---------- DATA PROVIDED ----------
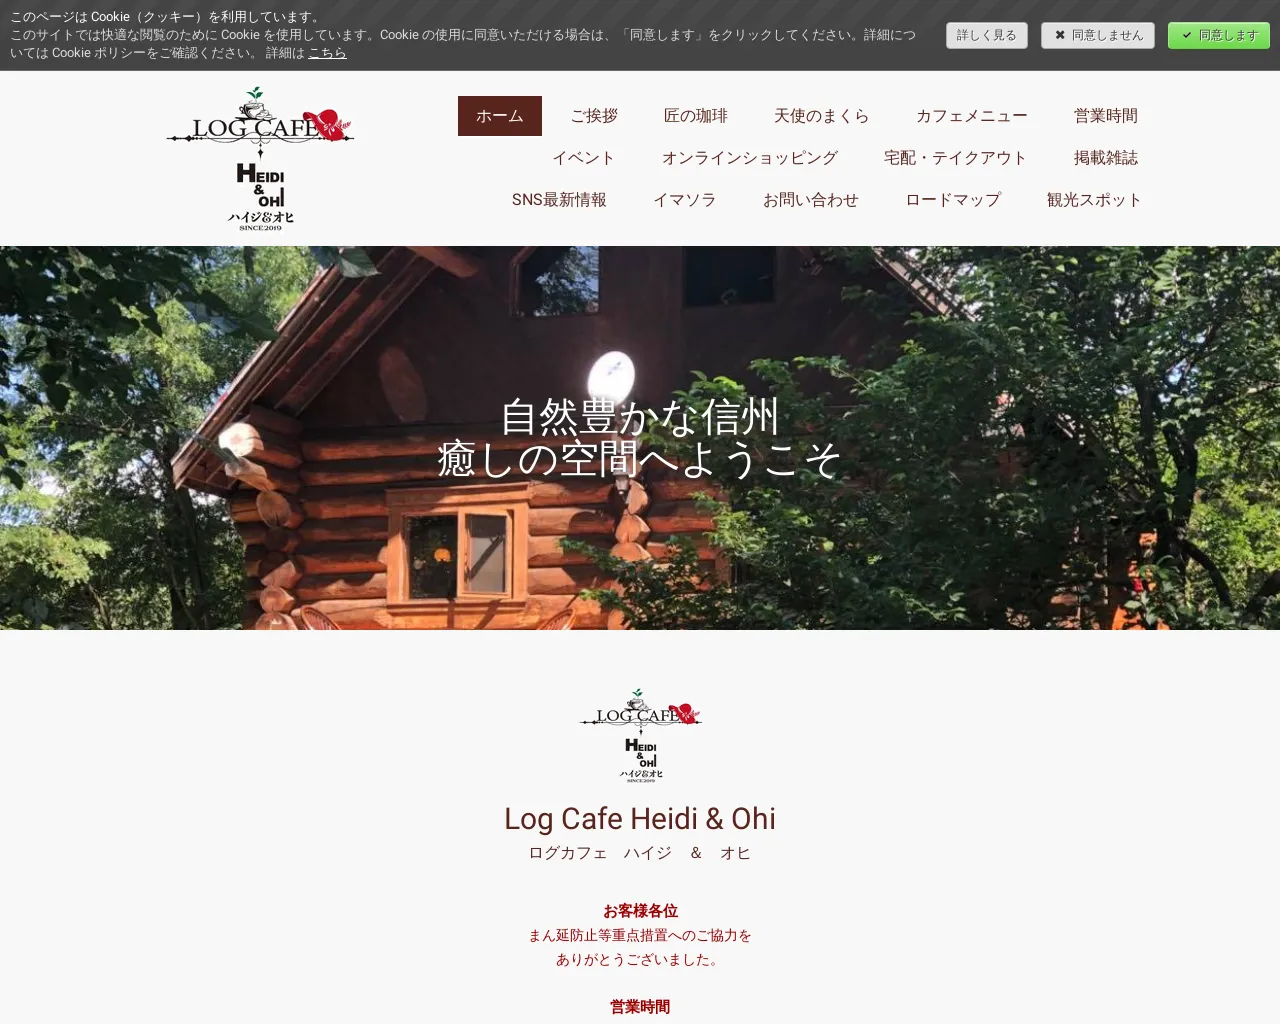 Log Cafe Heidi & Ohi site
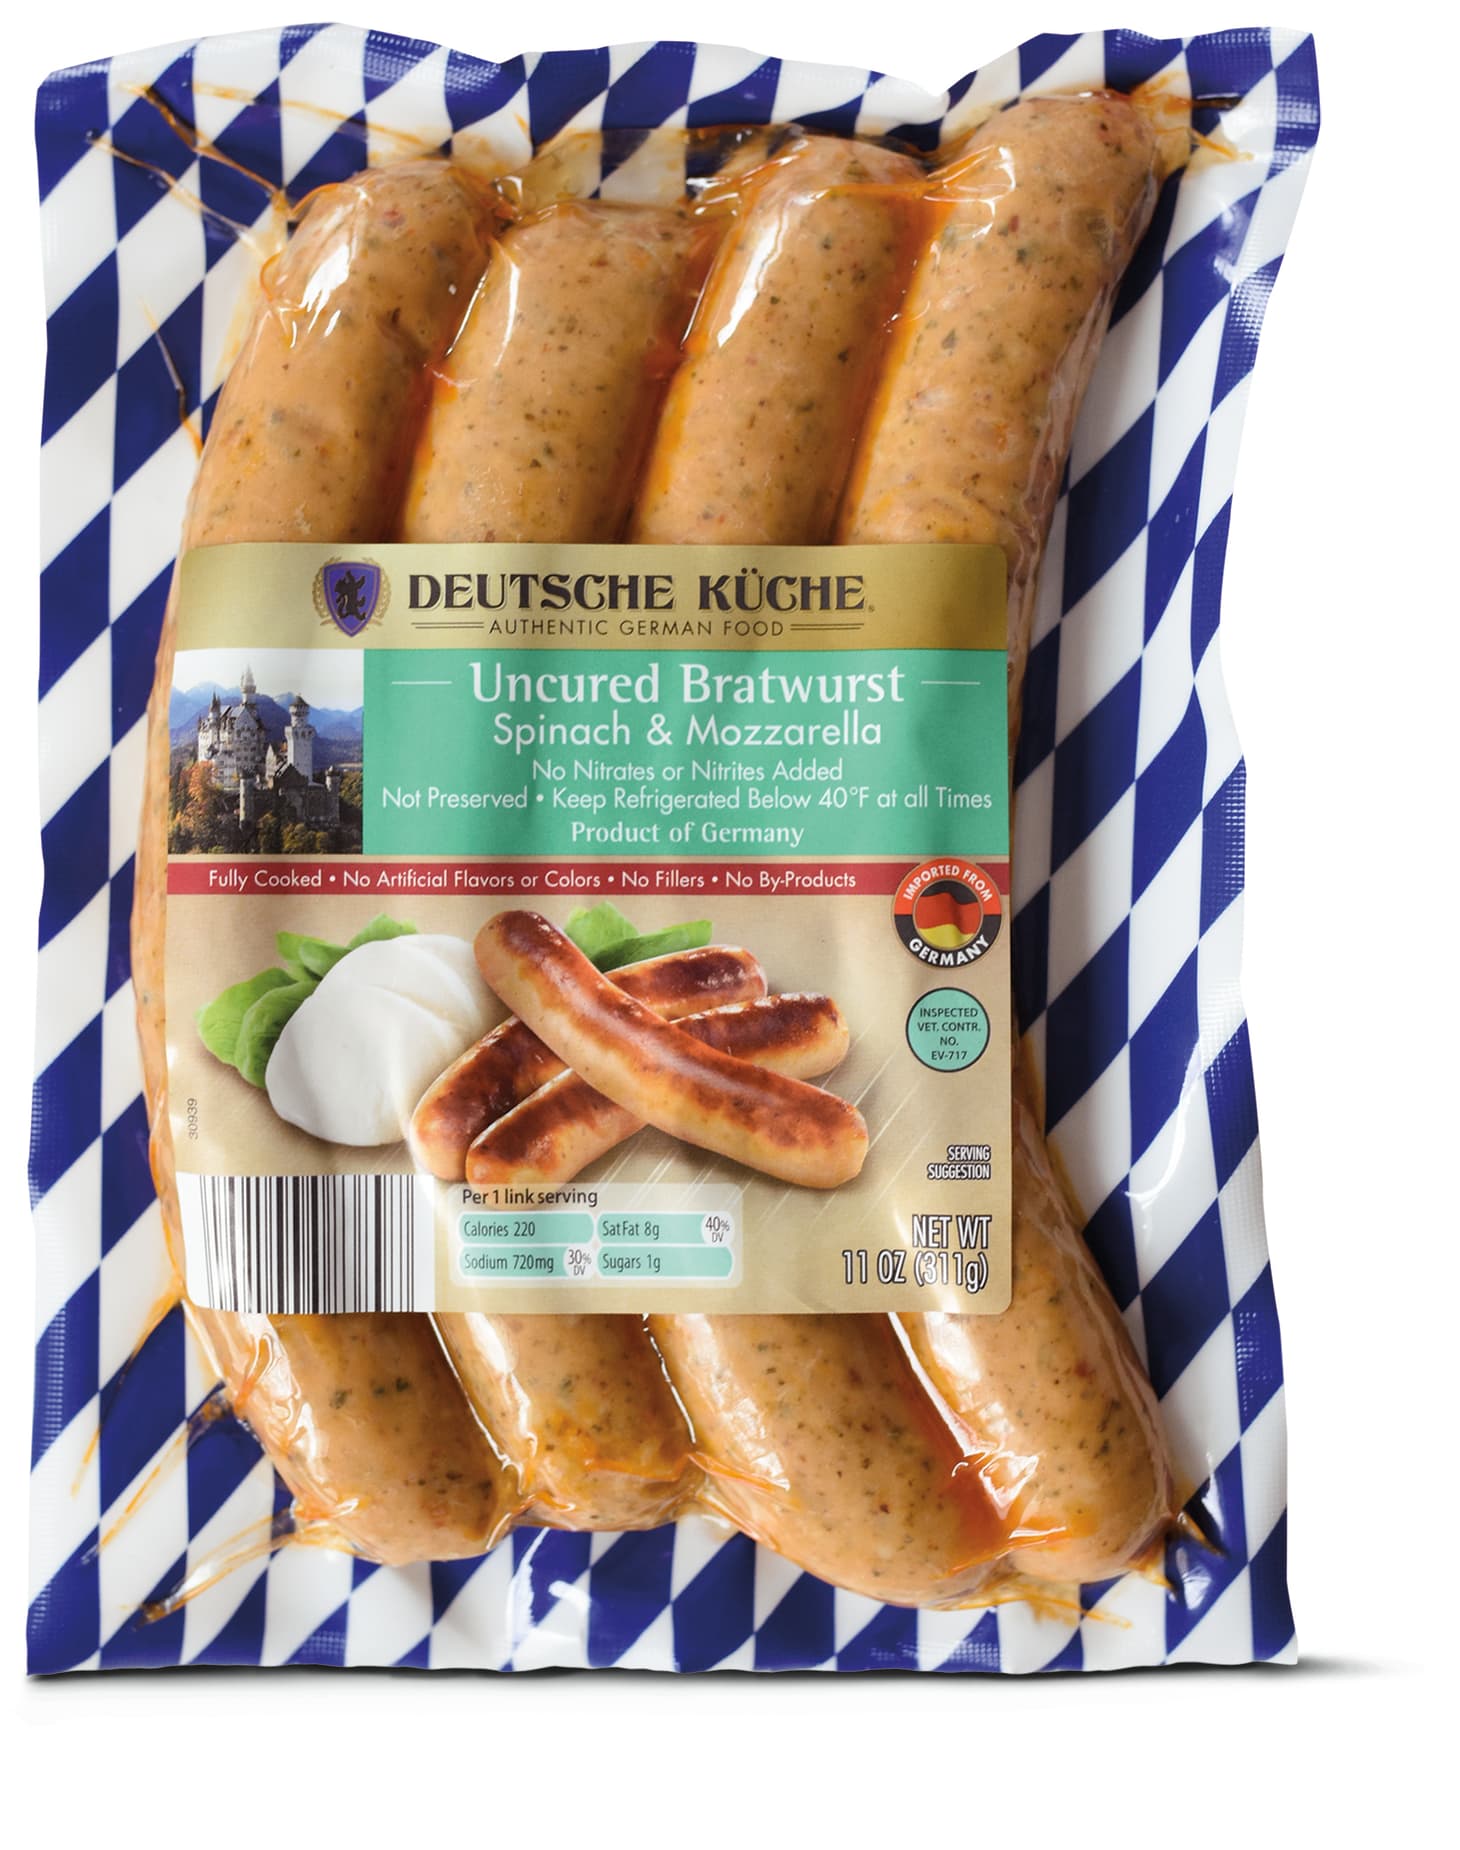 The Perfect Bratwurst
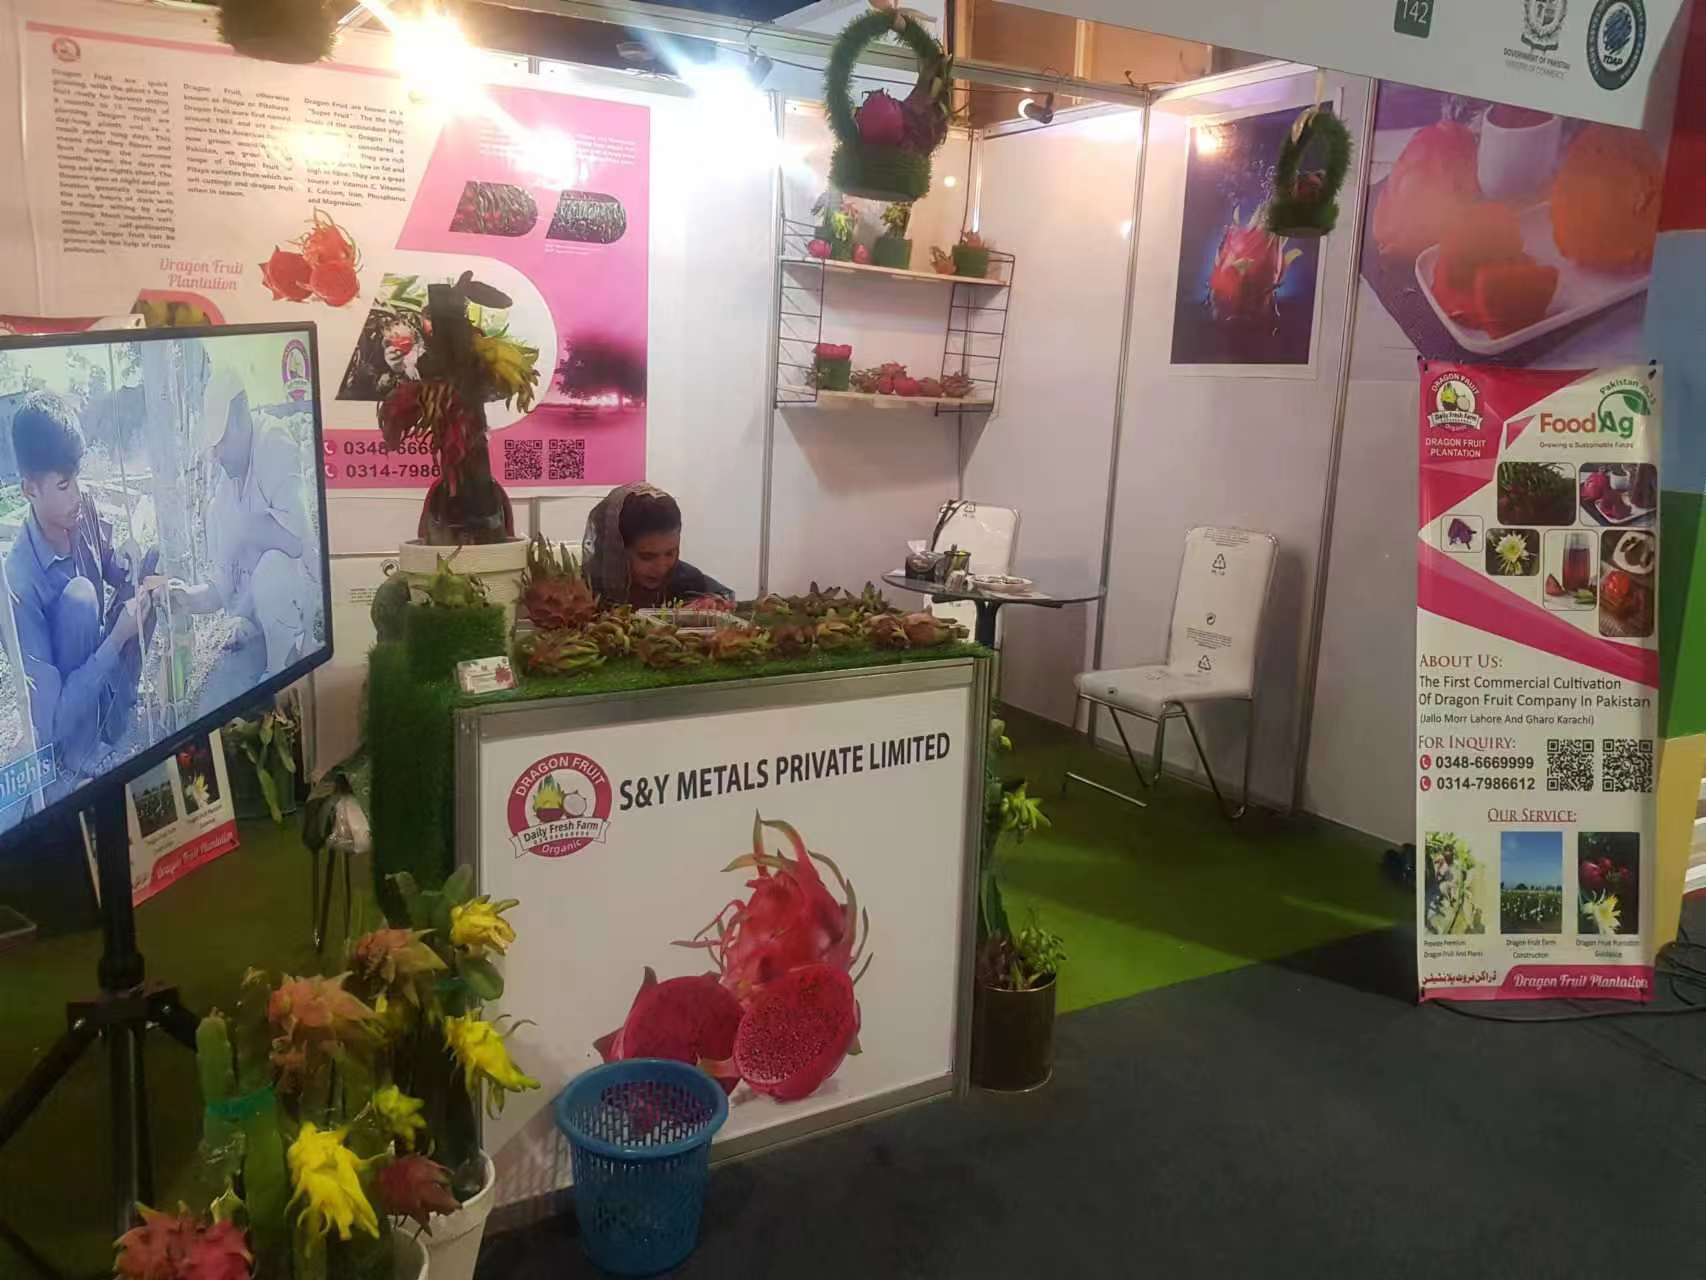 Chinese enterprise promotes Pakistani dragon fruit export through FoodAg
----------
Once the pictures are set aside, output all of the data above verbatim.

*YOUR RESPONSE*.
 Log Cafe Heidi & Ohi site
 The Perfect Bratwurst
 Chinese enterprise promotes Pakistani dragon fruit export through FoodAg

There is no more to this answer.